Yeah, what’s up with the picture?

Marilyn says:

Heather, thanks for sharing… It’s one of those things I read and it touches me so deeply that all I can think is: I wish I wrote that!

Thank you guys for the compliments. They really mean a lot to me. When I get home today, I’ll put the whole story up on my site and put a link here, for anyone who’s interested.

Marilyn says:

Heather, I’ll check in for the link….

Larry, I have to comment on that picture too, where the hell did that come from?

Terry says:

The painting with the post is one of my favorites. It’s called scars also.

Jim Stanton says:


I agree with Barbara. This is a wonderful story. Maybe turn it into a long short story or even a nove. You’re on to something here.

Polly says:

it’s nice. someone answer me please. why can’t this happen in real life?

Karen says:

Heather, how do I get to your link?

numb says:





a poem for you and gross. you are so welcome.

Heather says:

numb: thank you

Karen: I’m stuck at work and I can’t access my site administration from the office (they put blocks on our browsers). I’ll put the story on my site and post a link here in a few hours.

Larry Gross says:

I’ve had a rough day, so forgive me if I’m a little cranky.

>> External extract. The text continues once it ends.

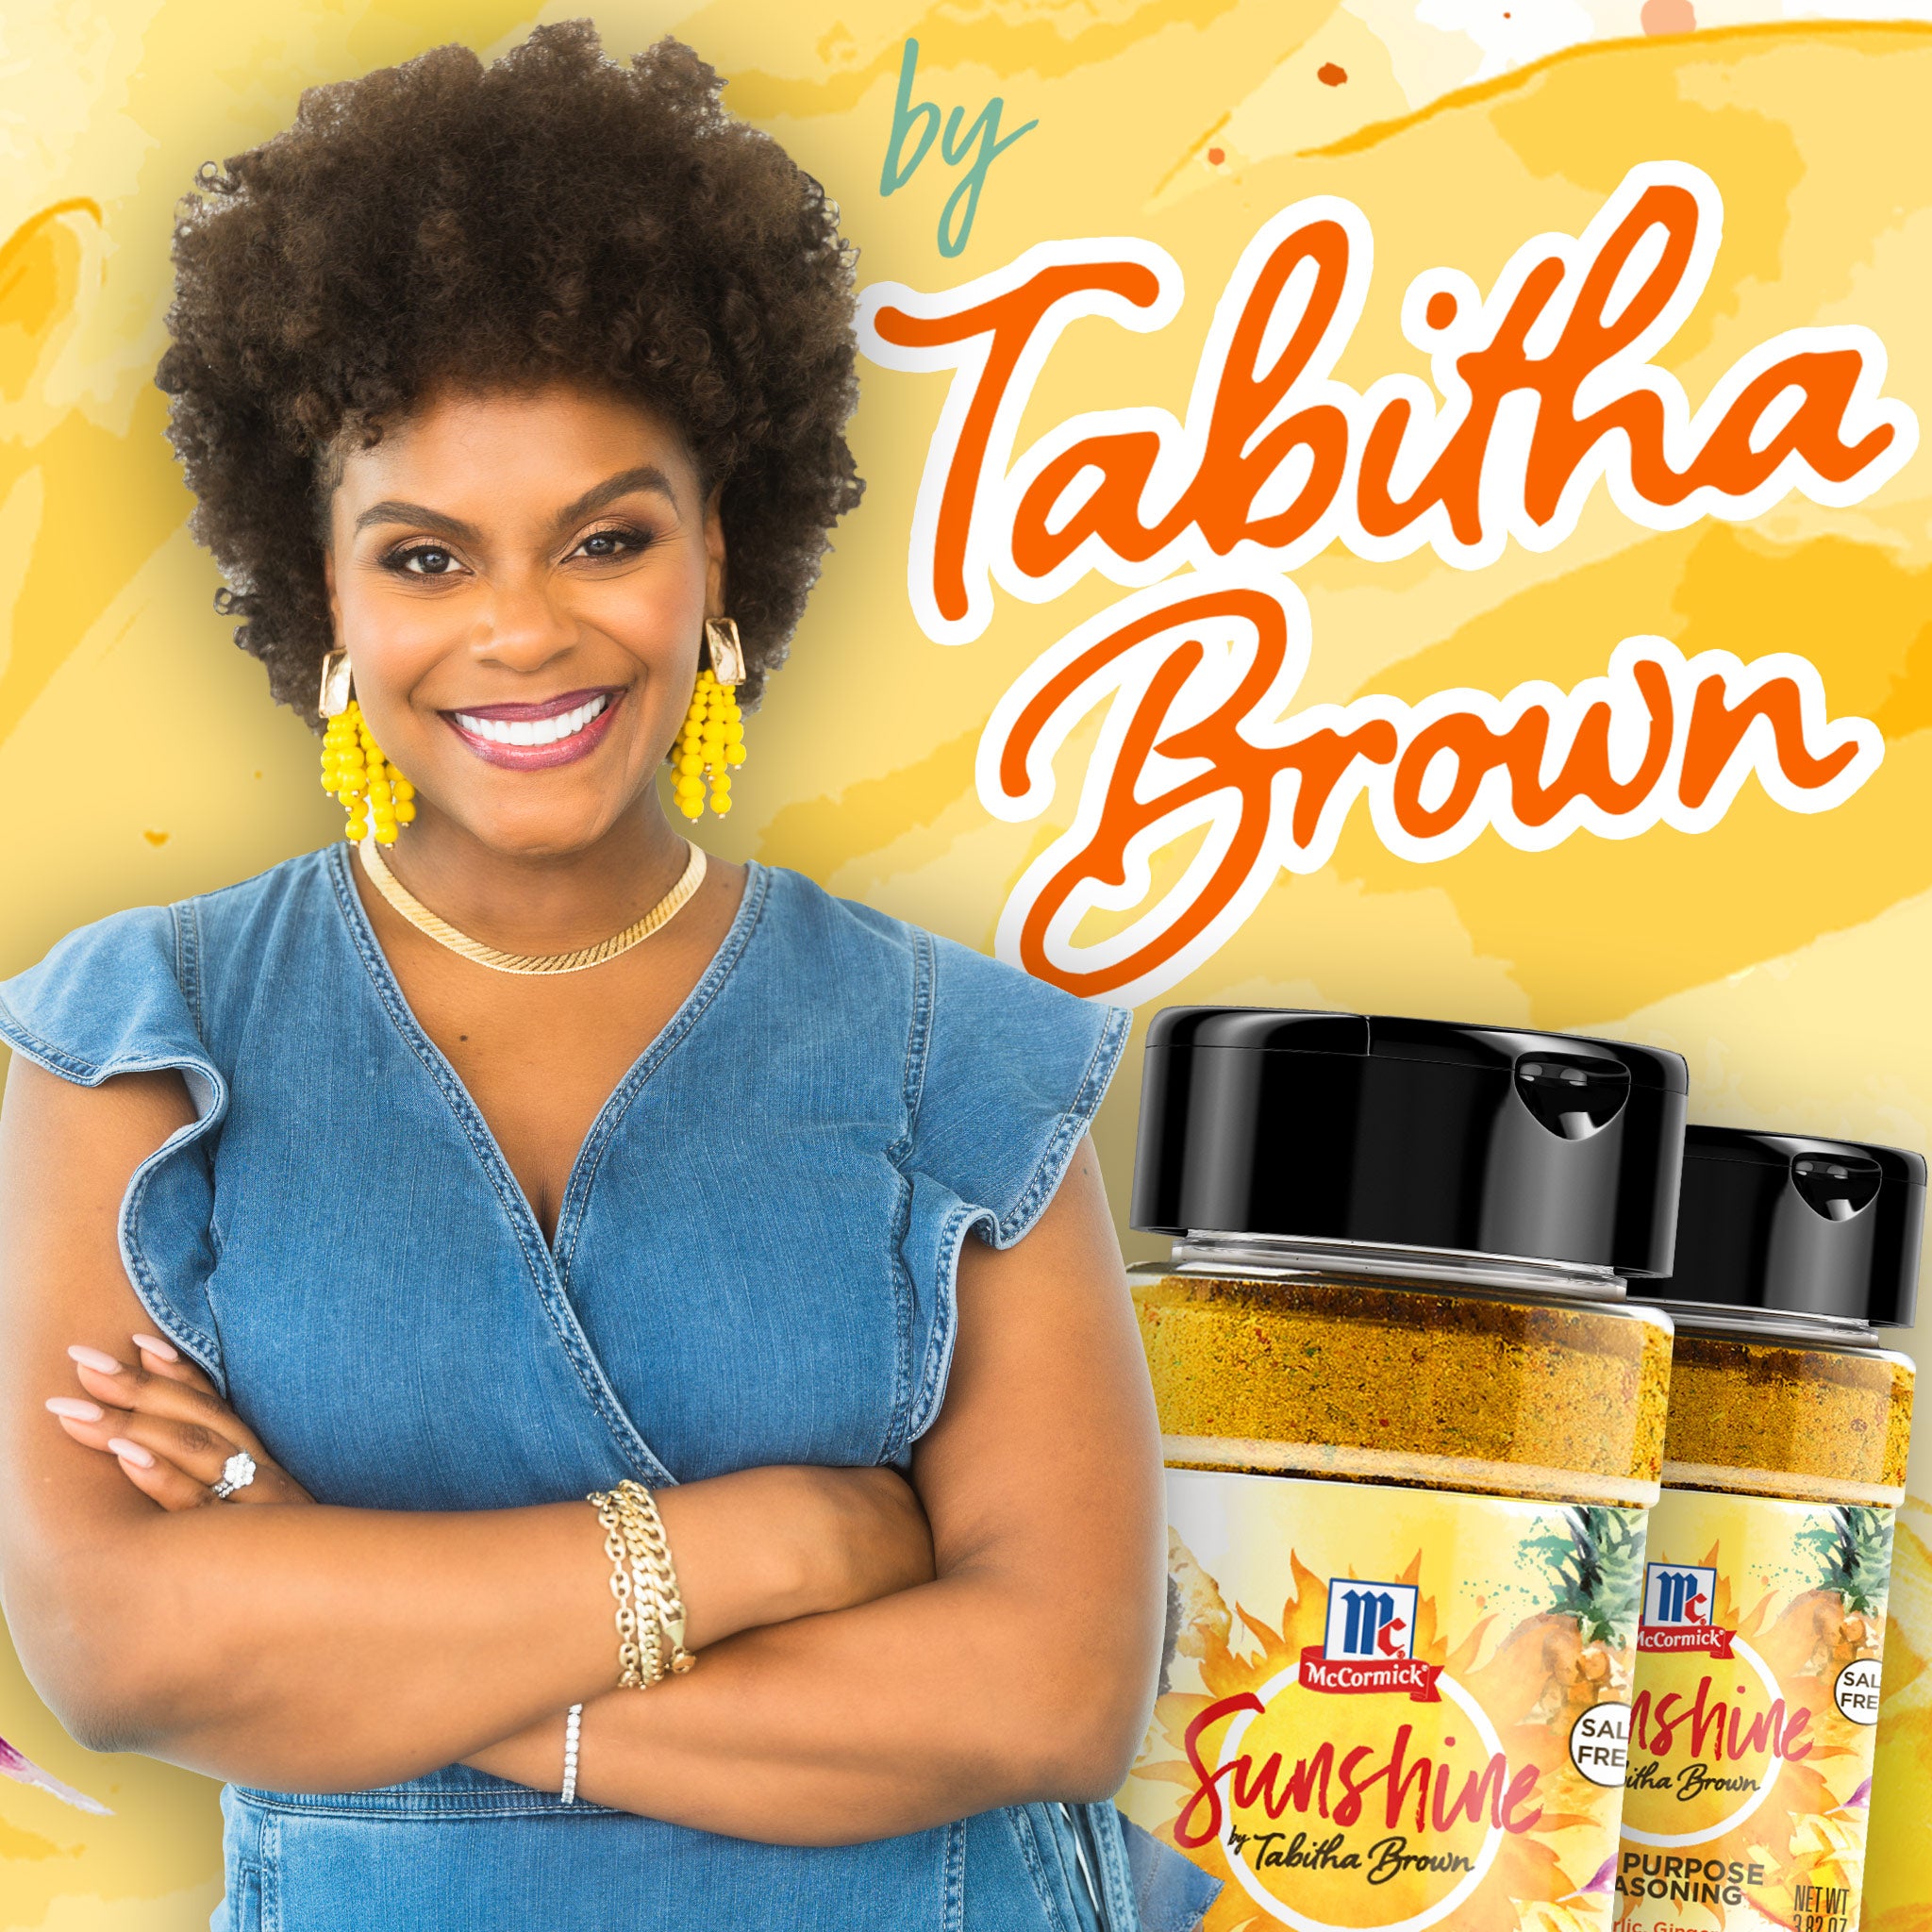 Where to Buy Tabitha Brown Seasonings

I won’t say much about the picture that went along with the post except that I liked it and I’m the editor here. If you don’t like the picture, pretty simple really, don’t look at it.

Marilyn says:

Naw, Larry, I liked it too… I’ve just never seen it before.

Heather says:

Terry: Oh! Well that’s appropriate. Who’s the artist?

Polly: It doesn’t go so well for these two characters, and things get a loss worse before they get better. I think real life is that way.

Marilyn says:

Heather, yes indeed, real life is like that. I’ve learned (the hard way) never to say, “It can’t get much worse.” Oh yes, indeedy, it sure can and likely will…

Jackie says:


You’re lonely aren’t you?

Karen says:

Larry? Cranky? NEVER!! Just messin’ with ya. You know I love you.

Karen @ the hood says:

Will you be putting the longer version of your story here too?

Heather says:

Okay, I just slapped the story onto my web site. The format is all wrong because I copied and pasted, but I don’t have time to fix it right now because it’s a long story (well, four stories). Sorry about that.

Hope you guys like it.

Karen says:

I’ll read tomorrow. Thanks for sharing this with us.

Heather says:

The format looks a little better if you go to my site because it’s in a frame.

go to “published work” and scroll down to “blog posts/ self-published”

Karen @ the hood says:

I can’t get it to work, going to your link but it is probably my computer. It is almost totally held together with duck tape.

Jeff- or-ly says:

Must be a women thing. I don’t get it.

Marilyn says:

Heather, the weekend over, I finally got to your website and read Scars in its entirety.

Very gritty, very hard to read, but very engaging. I enjoyed reading this alot. Thanks for the link.

Heather says:

Thanks! I’m so glad you enjoyed it. (hell, I’m excited that you finished it!)